Thursday, September 30, 2010

My Battle Against Libraphobia

My name is Joe and I'm a Libraphobe.  (Now you all say, "Hi, Joe," and I stand and tell my story).

You may be wondering what Libraphobia is or how I came by this affliction, so let me start with some background.

One of the more difficult things to do in fitness is to measure small changes in body composition (how fat/ muscular you are).  Having a trainer at your gym measure your bodyfat with calipers is a fine idea but those measurements are notoriously inaccurate.  The best methods available, which probably starts with hydrostatic weighing, are too expensive or too inconvenient for most people to use on a regular basis.  Which leaves most of us with two methods for assessing progress:  the scale and the mirror.  Neither is very good at indicating short term progress.

Scales are bad for measuring body composition changes in the short term for a couple of reasons.  The first is that a scale doesn't tell you how much of your weight is fat and how much is muscle.  Here's a trick question: which weighs more, five pounds of fat or five pounds of muscle?  Neither, of course; they weigh the same.  So if someone adds five pounds of muscle and loses five pounds of fat (which is quite possible, especially for someone new to strength training) their body composition will have changed significantly but the scale will show nothing.  The scale also can't distinguish fat and muscle from water.  If you retain water - which can happen due to stress (including the stress of dieting), hormonal changes, and salt intake, among other things - you can lose fat but gain water weight and all your scale will show is that you're heavier - even if your diet is actually working.

Mirrors are bad for measuring body comp changes for some similar reasons.  We often can't tell puffiness caused by water retention apart from puffiness caused by fat accumulation.  Remember, dieting is a stress, so hard dieting can cause water retention, which can make it seem as though fat loss has stopped when in reality you're still making progress.  Mirrors are also bad because most of us aren't very good judges of physique - we might see progress where there isn't any and miss progress that is happening for a variety of complex psychological reasons.  You also can't see all parts of your body equally well - sometimes you'll lose fat from around a part of you that you don't notice.

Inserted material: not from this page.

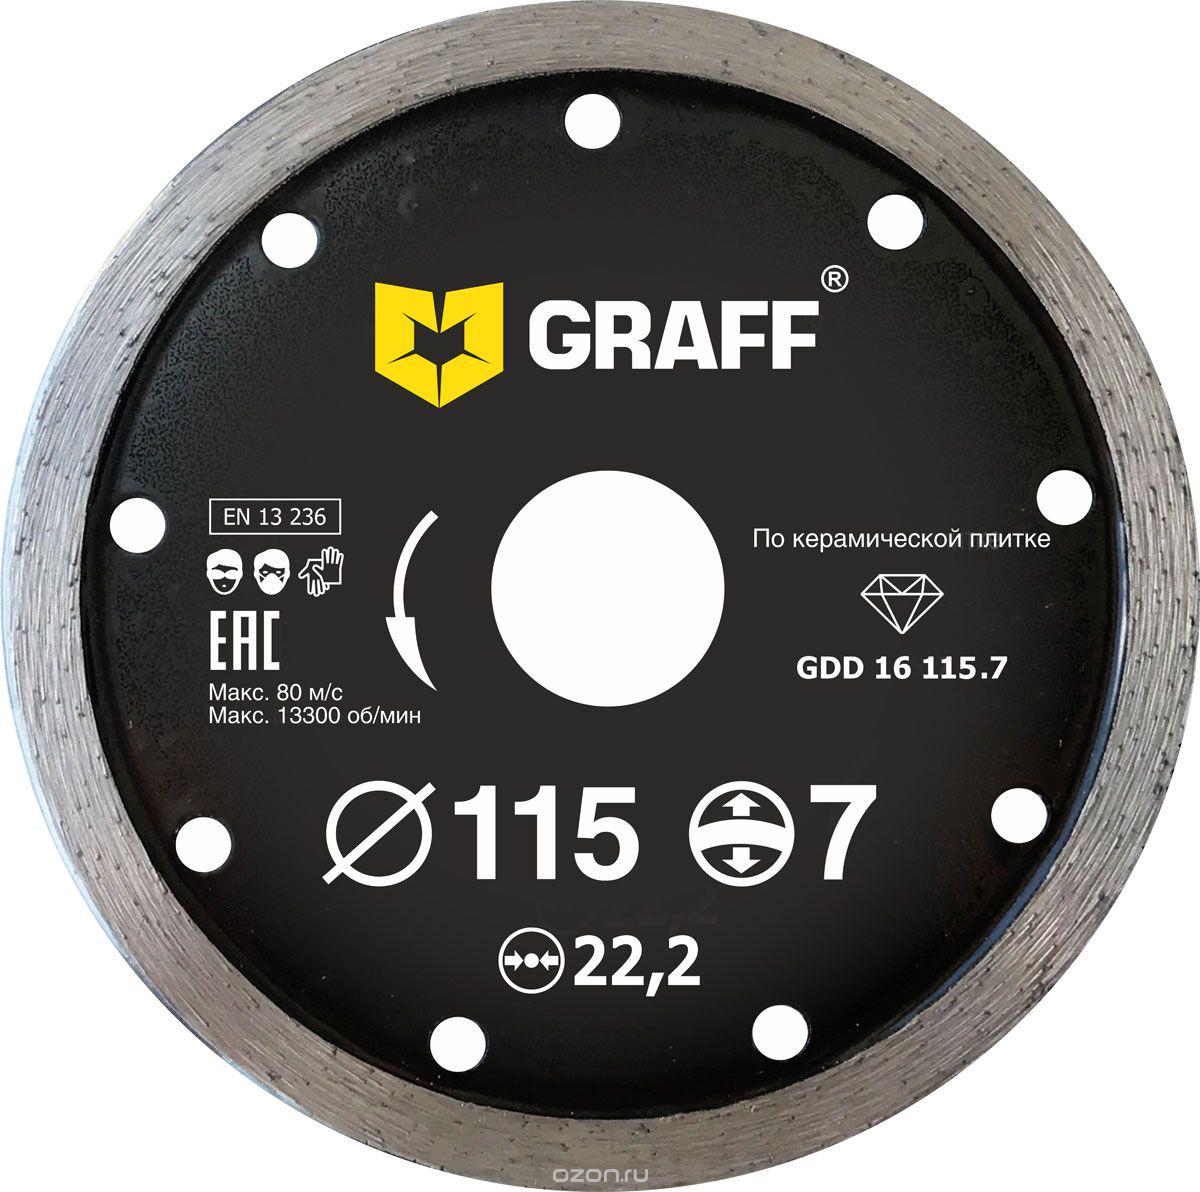 Диск отрезной алмазный GRAFF (GRAFF GDD 16 115.7) Ф115х22мм по керамике

The real problems come when people look at either the mirror or the scale every day, or multiple times each day, and use the feedback they're getting to evaluate their diet or exercise program or for motivation.  The problem is that any time you start to retain water for whatever reason you'll lose motivation or change your diet, thinking it's not working.  The other problem is that you'll binge - pig out on food after a long period of dieting - and drop a bunch of water weight.  You might look really good after that even if you put on a small amount of fat.  (This, by the way, is what I think happens with cheat meals in general - they don't boost your metabolism, they reverse short term water retention caused by dieting.) 

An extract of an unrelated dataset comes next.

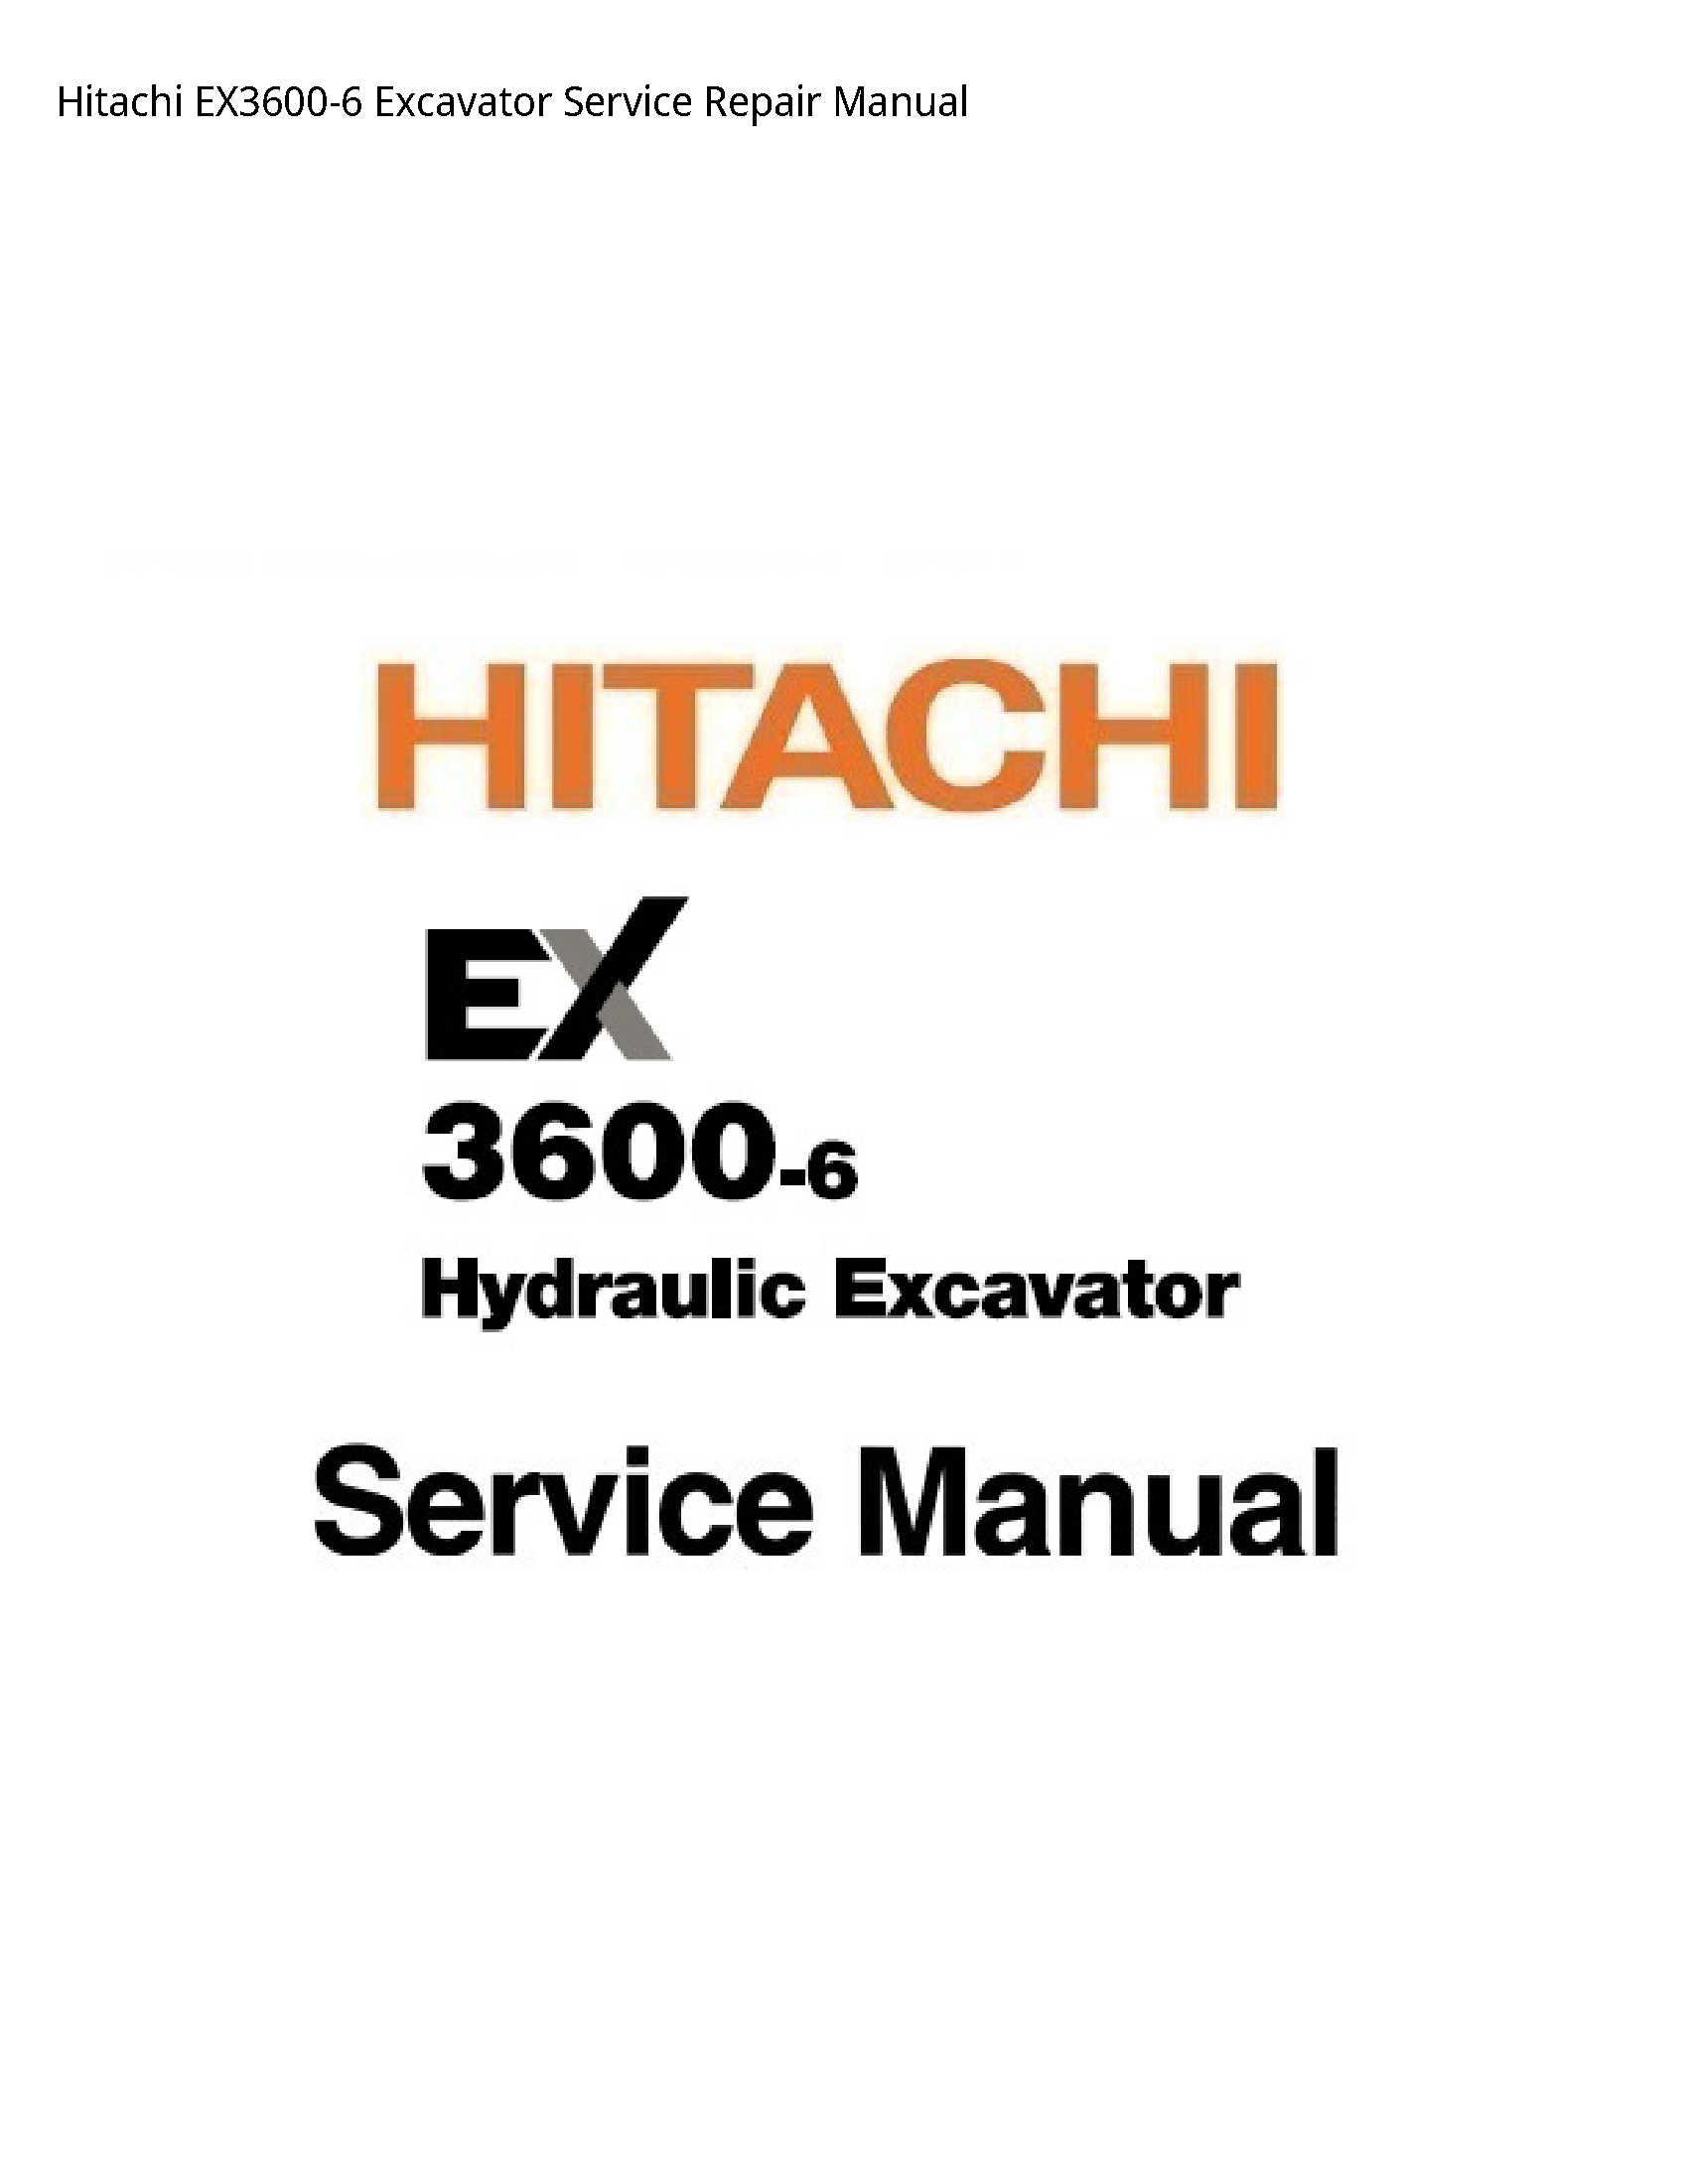 Hitachi EX3600-6 Excavator manual

My personal problem is that I do tend to retain water when dieting, so I'll reach a point where my scale won't budge.  I also seem to lose fat in uneven spurts - it will seem as if a diet isn't working, then all of a sudden I lean out.  What's really happening?  I have no idea, but I'm far from the only person to report results like that.

Now you see where my Libraphobia (fear of scales) comes into play.  I'm not afraid of using scales to weigh food, but I am afraid to step on one.  A few times in the past year I've thought I was on a good streak of eating well and exercising, and I felt I was looking better, then stepped on a scale and realized I was not as close to my target as I had hoped.  That disappointment left me kind of depressed and derailed by diet and exercise plan for several weeks.

I haven't stepped on a scale now since 2009 - I am a full blown Libraphobe.  At some point I'll have to do it, but I'm still afraid that if I think I've gotten pretty lean and the scale still says 180 lbs. (about 82 kg) I'm going to be really maudlin for a while.

What can one do to measure progress?  Well, measuring day to day progress is almost impossible, so... don't try.  Over extended periods of time - over weeks or months -  your clothes should get looser (at least around the waist) and your weight should trend downwards.  Weigh yourself no more than once a week, or less if you can stand it.  I'm pretty sure I've gotten leaner because I can wear pants that didn't fit a year ago.  Have I lost weight?  I honestly don't know, but I'm pretty sure I have!

Another way to track progress include those famous near-naked pictures.  Take a shot of yourself in the mirror, wearing something skimpy (or nothing at all).  Every time you do it use the same clothing, lighting, etc.  Over time you should get happier with what you're seeing.  You may have somebody you trust look over the pictures - some of us are not good at evaluating ourselves, as psychological baggage rears its ugly head.  Once again:  do NOT try to track your progress on a daily basis.  Too many things that don't really matter will give you the appearance of short term improvement or backtracking.